Sit Spot lessons

25 Apr

The Sit Spot is an age-old practice of going to one spot in nature on a regular basis over a long period of time and making observations of what happens around you. Classrooms at George Watts Montessori have been doing it:

The benefit is that kids become more skilled at observing. They may notice the shape of a leaf, its vein pattern, or how its green coloring varies throughout the plant. Why is knowing how to “observe” important? Because when it comes to science, making observations is part of the job. A good scientist knows how to truly see something.

And then there’s the peaceful feeling that goes along with it.

Here’s how to do a Sit Spot lesson, according to Kimberley Smart, a Natural Sciences Educator with the N.C. Museum of Natural Sciences:

Give each student a small drawing pad with heavier stock, some watercolor pencils, paintbrush, a smudgeable graphite drawing pencil like this one and an ink pen. (If you don’t know how to work with watercolor pencils or the other supplies, ask an art teacher.)

Use pencil to draw a color block

Then add a damp paintbrush to create palette

Pick a spot to sit for 15 minutes quietly. Observe your surroundings with all of your senses.

Set up each journal page by writing down the date, season, time, or weather. Write notes on animal activity. Listen quietly for two minutes, and write down three sounds that you hear. Choose a flower, plant or leaf to draw.

Do three “quick start” pencil drawings, capturing the shape of the plant. Don’t spend much time on any of the three quick starts — maybe two minutes each. When you’re finished, choose the one you like best, and continue with your drawing, adding watercolor paint. (Hint: It probably won’t be the first drawing.)

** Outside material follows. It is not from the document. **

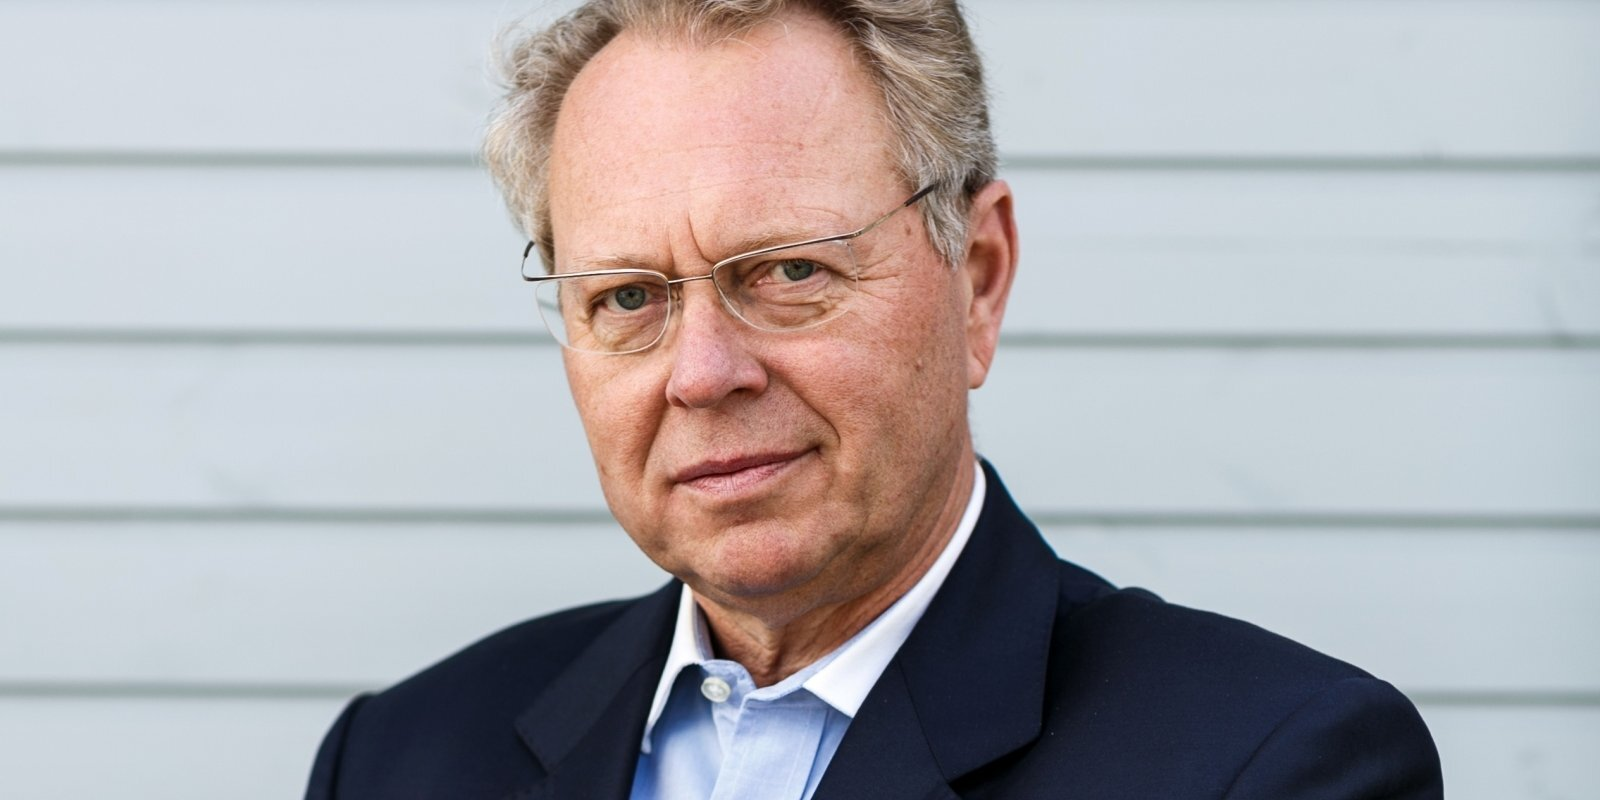 Personība biznesā: 'LMT' prezidents Juris Binde

Quick starts help you develop skills of observation and drawing. And you won’t get stuck spending time on a drawing that was a weak start to begin with.

A final sit-spot drawing

Write a one-paragraph story to go along with your drawing. For example, if you chose to draw a flower, write a story from the perspective of an insect visiting the flower.

Observe the spot once a week for several weeks. Record the changes you observe in your spot.

Other Sit Spot lesson ideas:

Compare Leaves. Find two or three leaves that have different shapes. Draw the leaves. First draw the midrib, then the veins, then draw the edges and add any notes. Compare then. How are the veins arranged? Is the leaf smooth on both sides, or is one side fuzzy?

Does Drawing Help You Remember? Collect a bunch of leaves. Let everyone pick a leaf to diagram. All the leaves go into a bag while everyone closes their journals so they can’t see the leaf diagrams. Now, set all the leaves on the table and ask everyone to find their leaves from memory.

Eye Level Observations. Draw three things at eye level — up close, nearby, and far off.

Rub It In. Make pencil rubbings of leaves.